Typically, cells undergoing senescence chemoattract immune cells, resulting in clearance of these senescent cells by immune cells such as NK cells and macrophages. However, senescent cells in diseased tissues can also impede innate and adaptive immune responses. Senescent cells accumulate in tissues during aging and could influence several pathological features observed in COPD, such as inflammation-associated tissue damage and remodeling. It is difficult to determine whether inflammation observed in COPD is primarily due to senescence, as many other contributing factors within the disease may contribute. However, the presence of enhanced senescent cell frequency in the lungs does contribute to a modified immune response that may influence several aspects of COPD pathogenesis.
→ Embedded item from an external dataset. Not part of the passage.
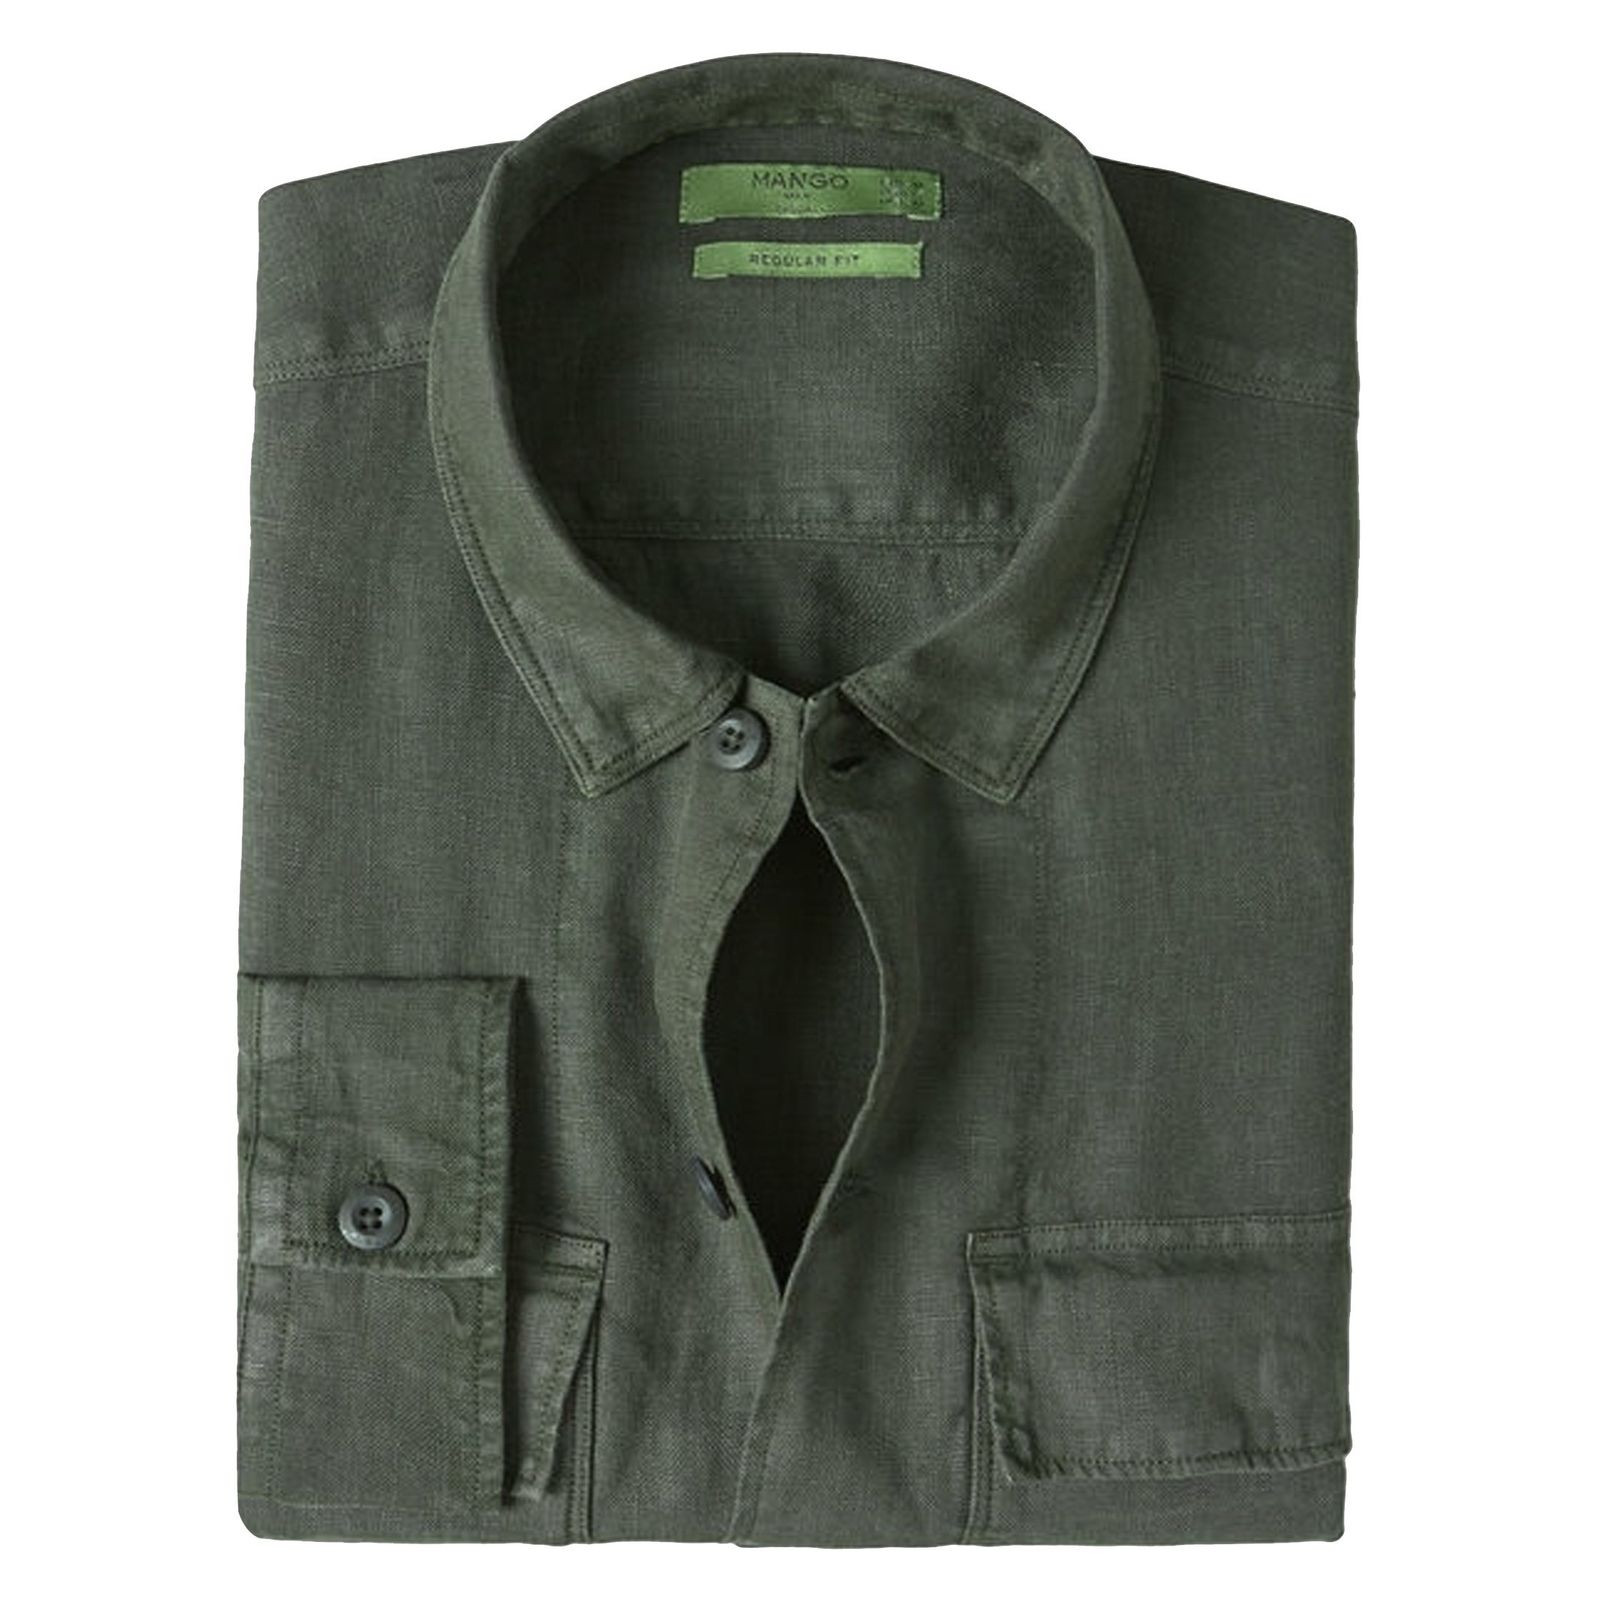 پیراهن آستین بلند مردانه - مانگو - سبز - 1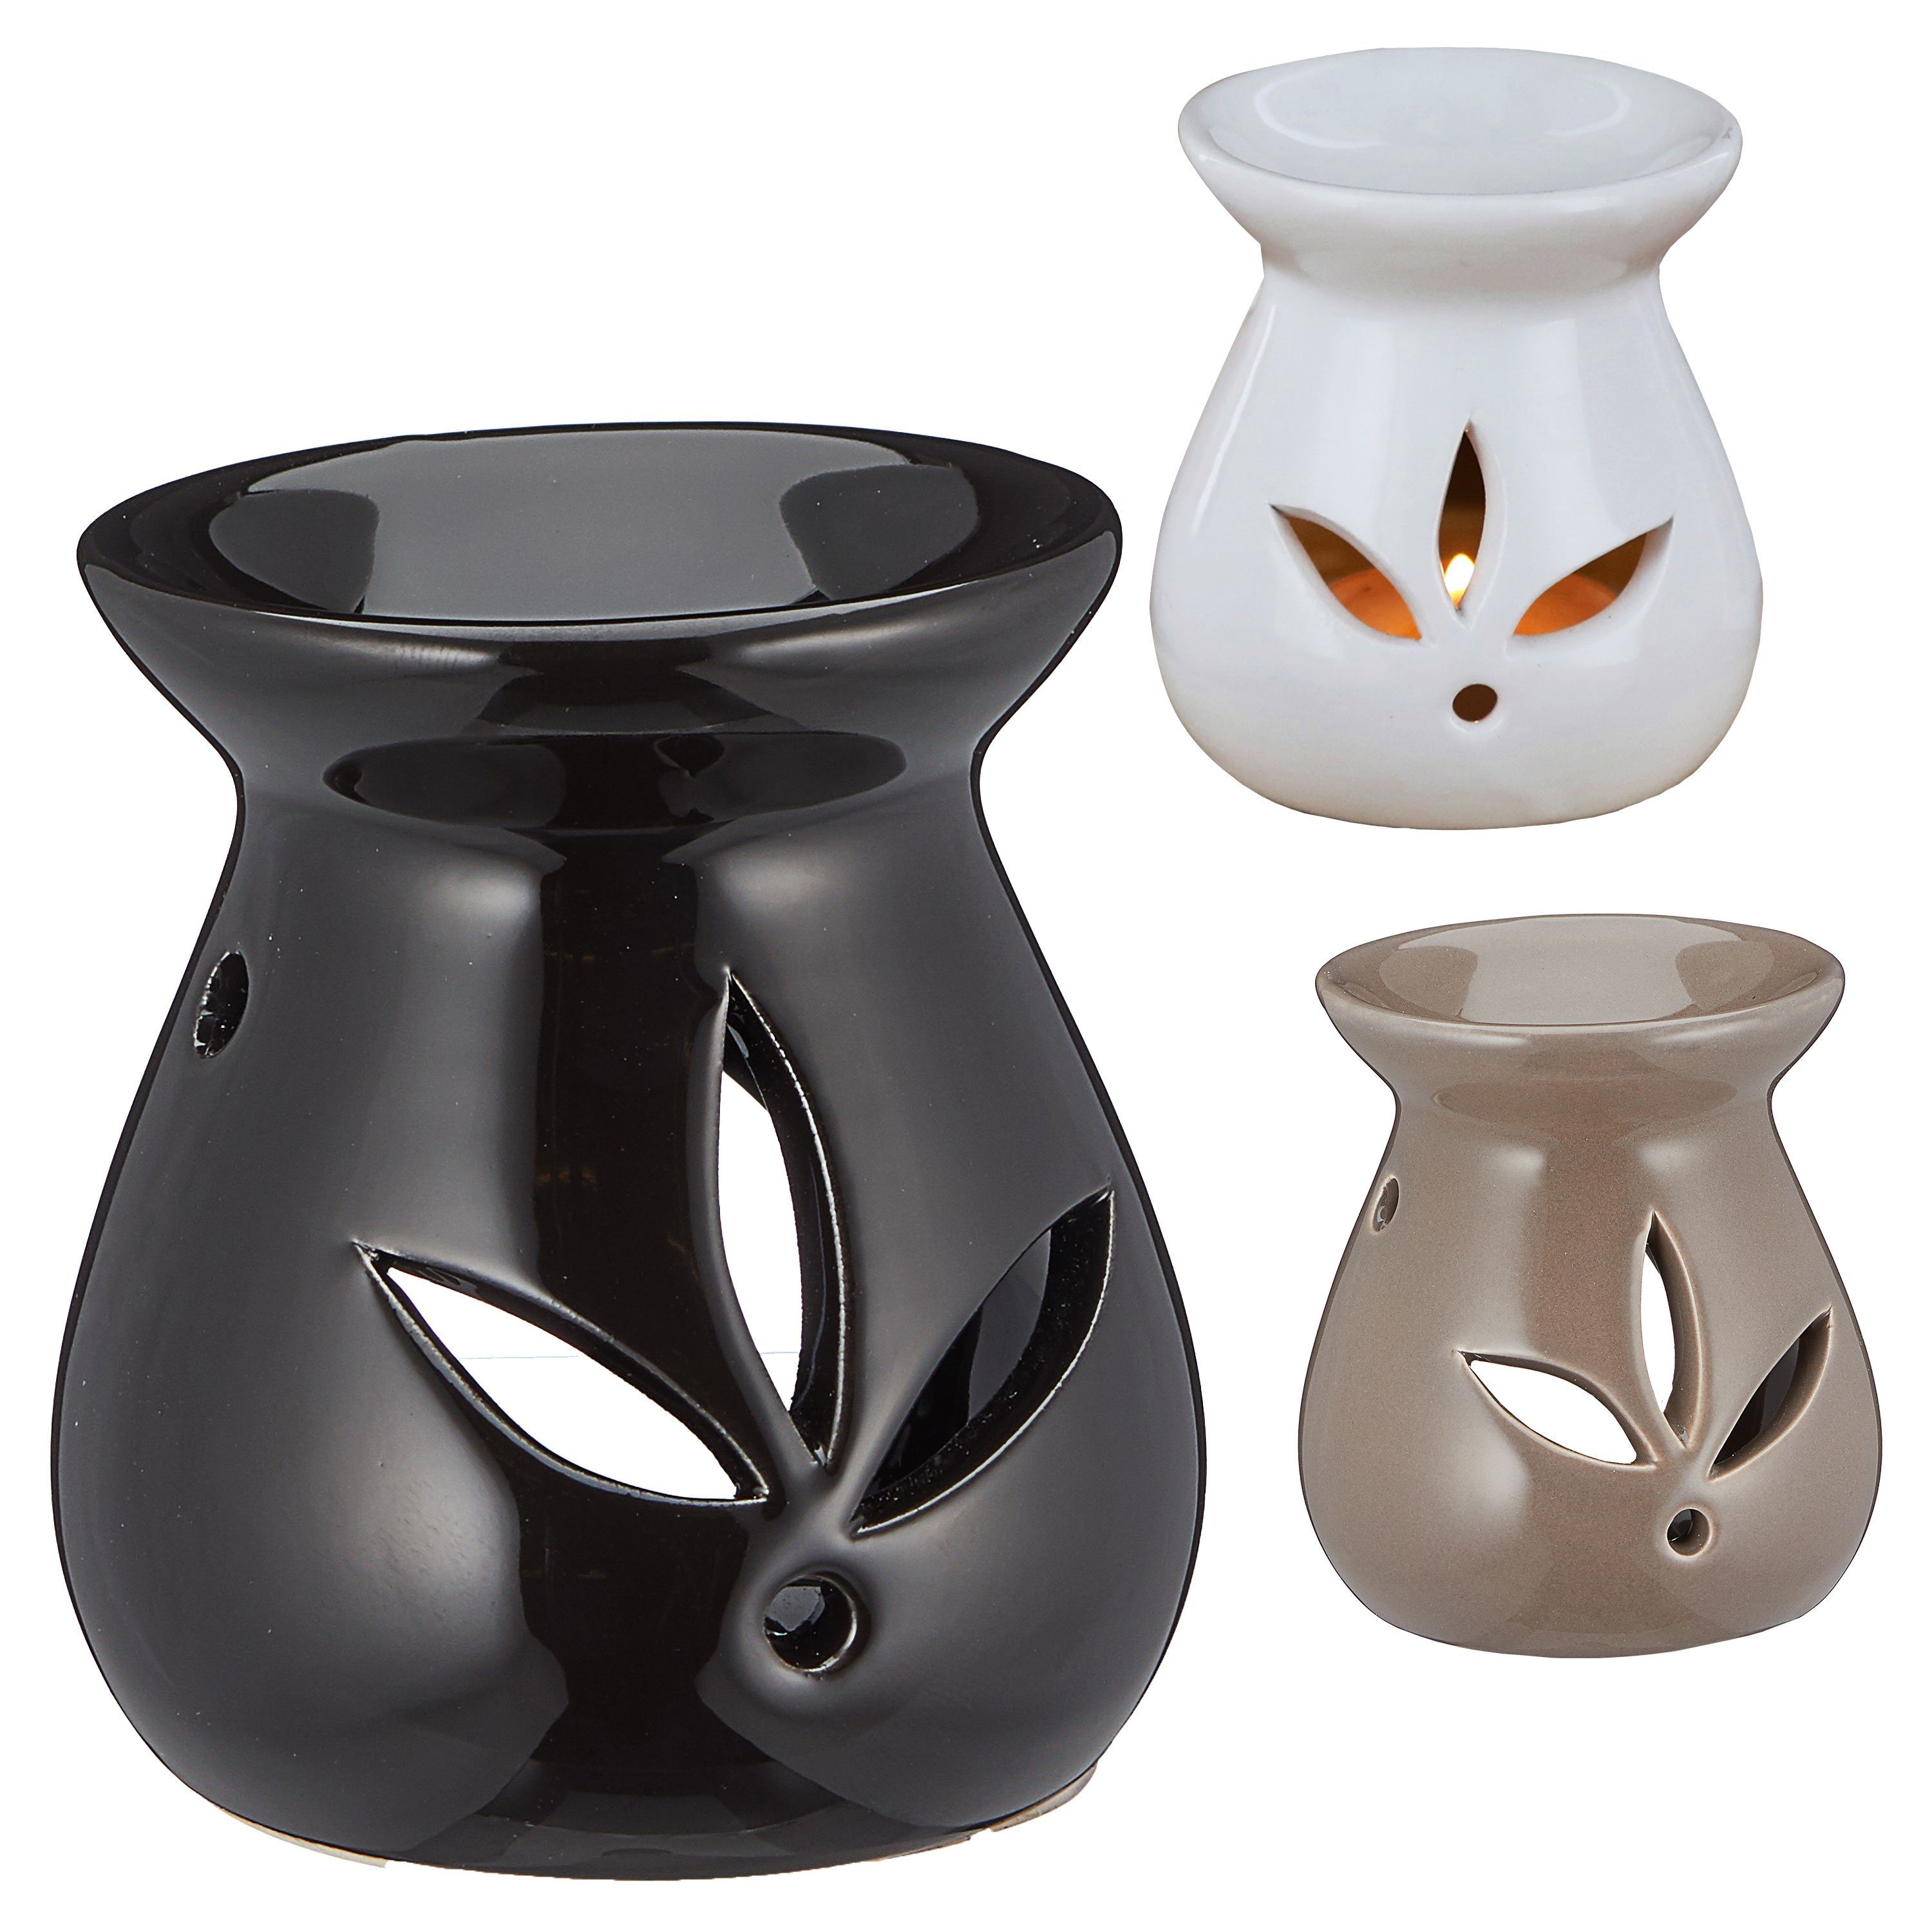 CEPEWA Duftlampe Duftlampe 3er Keramik weiß schwarz braun Raumduft Set Aromalampe

There is increasing interest in the resolution of abundant senescence as a potential therapeutic approach in COPD. Senolytic agents, compounds that facilitate the elimination of senescent cells, have received considerable attention lately as a potential treatment for COPD. However, the investigation of these agents is limited by the lack of universal markers of senescence. A better understanding of pathways that induce and reinforce senescence in COPD may allow us to discover possible biomarkers that could serve as targets for these senolytic therapies.

Overall, there is mounting evidence to suggest that senescence could contribute to cells being resistant to apoptosis, exhibiting elevated inflammation, and reduced dead cell clearance, resulting in extensive tissue remodeling observed in COPD. Targeting senescent cells using senolytics to selectively remove senescent cells or modulate SASP using small molecules or antibodies represents a novel approach to countering COPD progression. Several treatments that may target cellular senescence are in development.